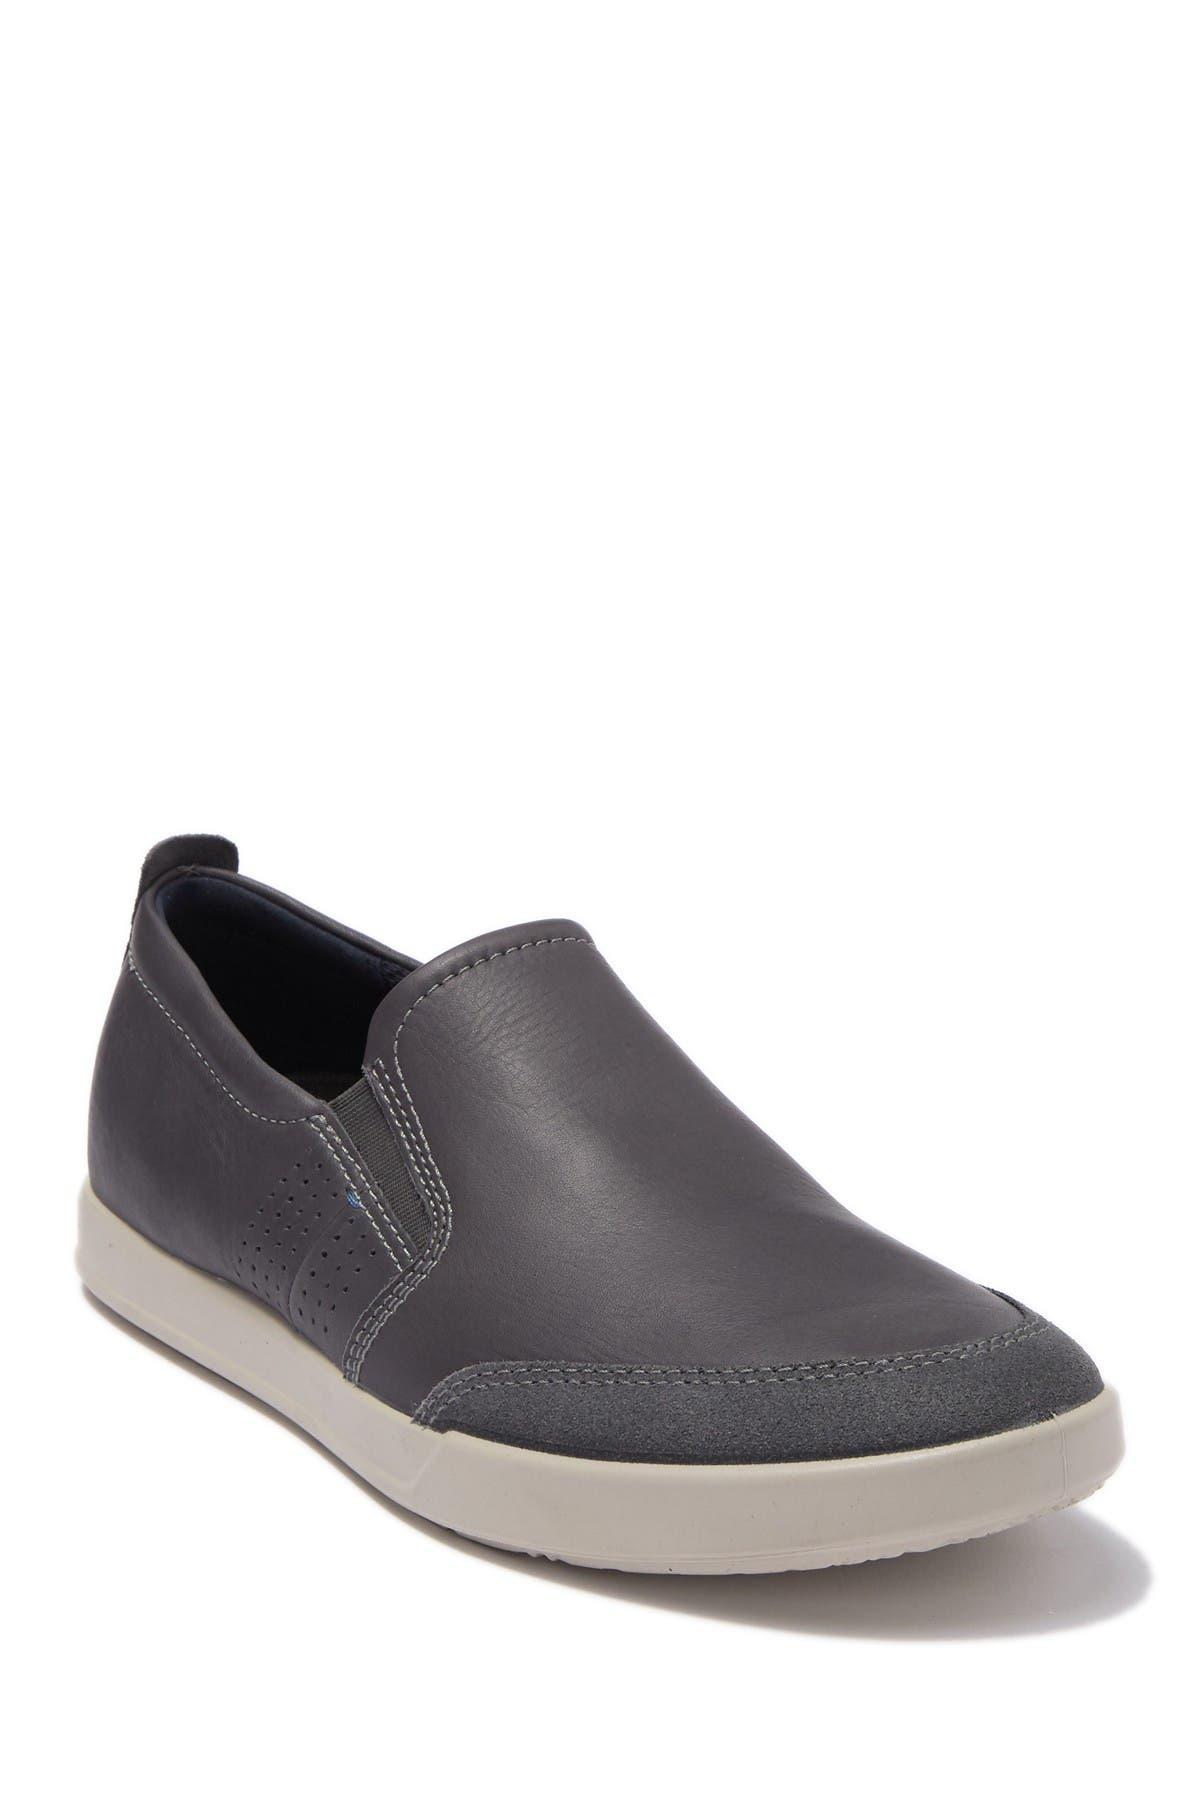 ECCO | Collin 2.0 Slip-On Sneaker
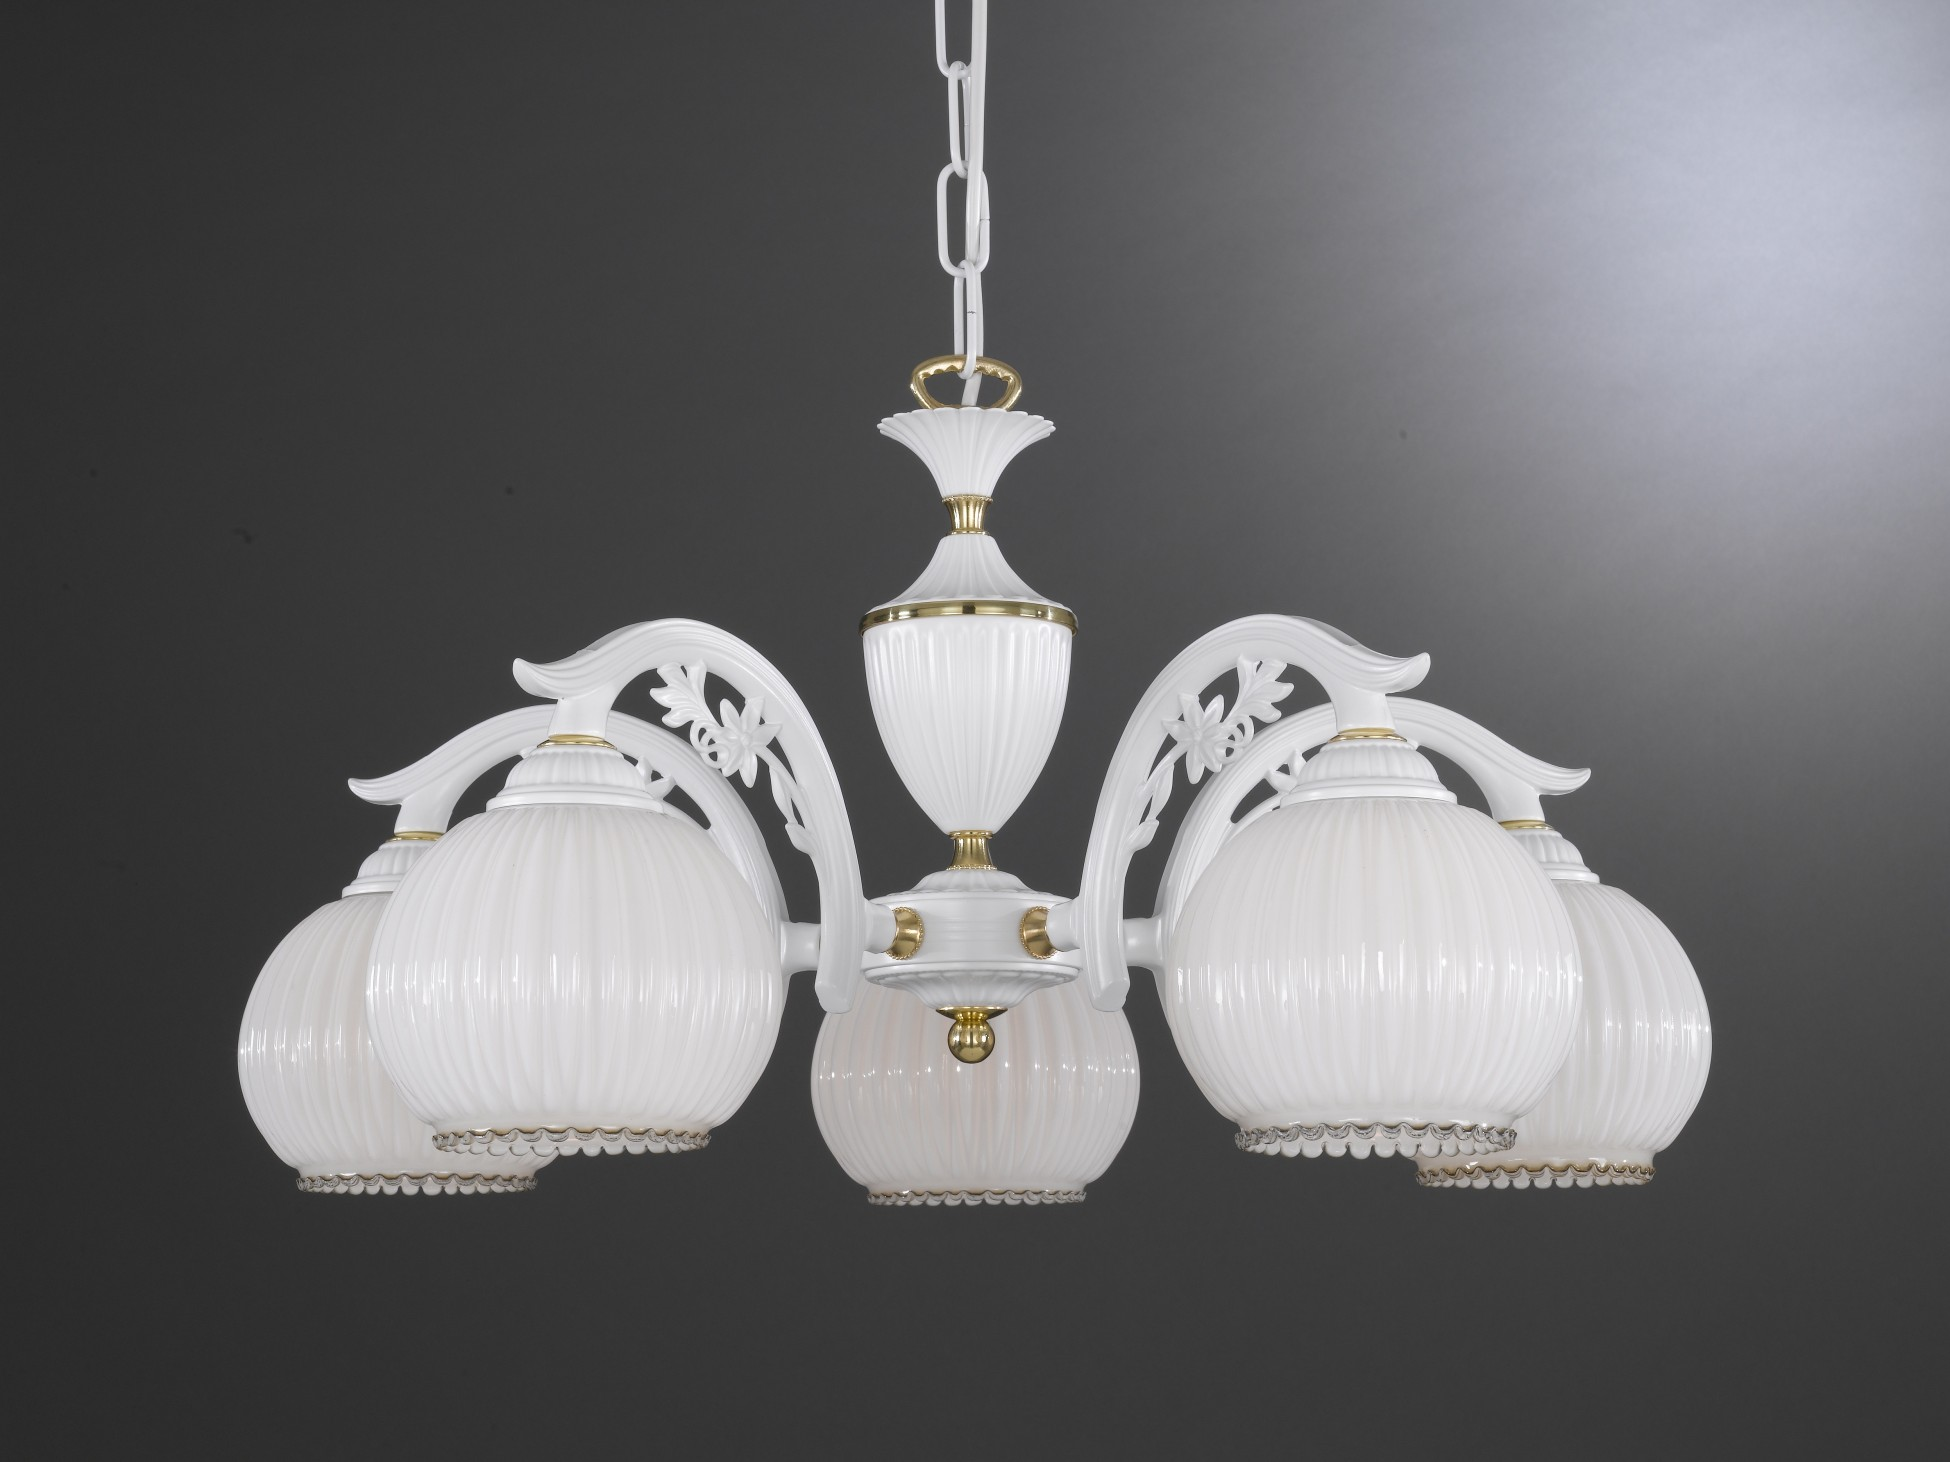 Lampadario classico a 5 luci vetro bianco soffiato for Lampadario classico
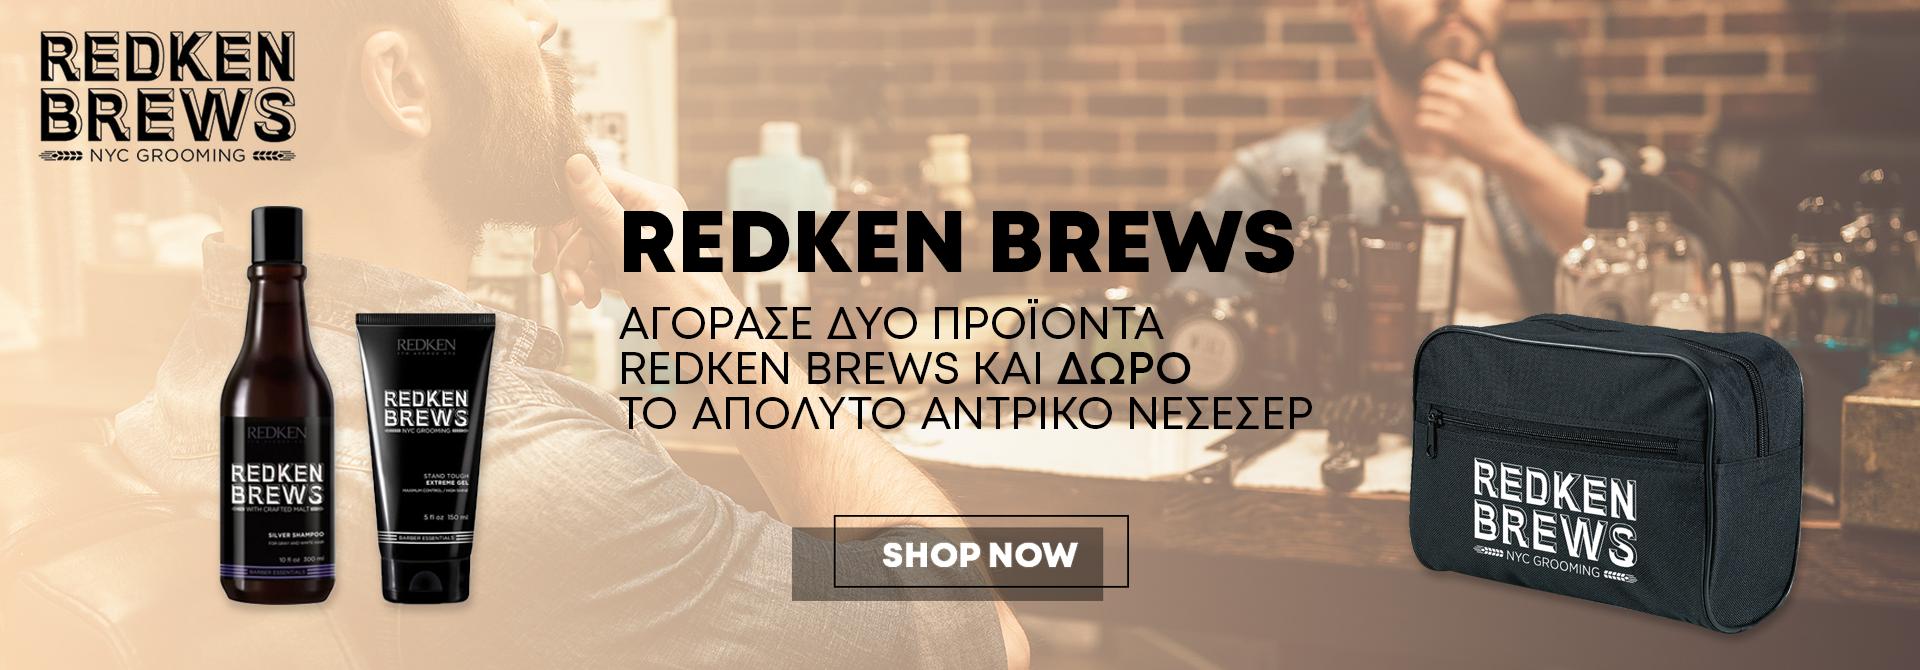 Προσφορά με υπέροχο δώρο. Αγόρασε δυο προϊόντα redken brews
#####
* **Aim of the task**
Each line of the material is to be output exactly. Images are not part of the expected output.

* **Written reply**
 ECCO | Collin 2.0 Slip-On Sneaker
 Lampadario classico a 5 luci vetro bianco soffiato for Lampadario classico
 Προσφορά με υπέροχο δώρο. Αγόρασε δυο προϊόντα redken brews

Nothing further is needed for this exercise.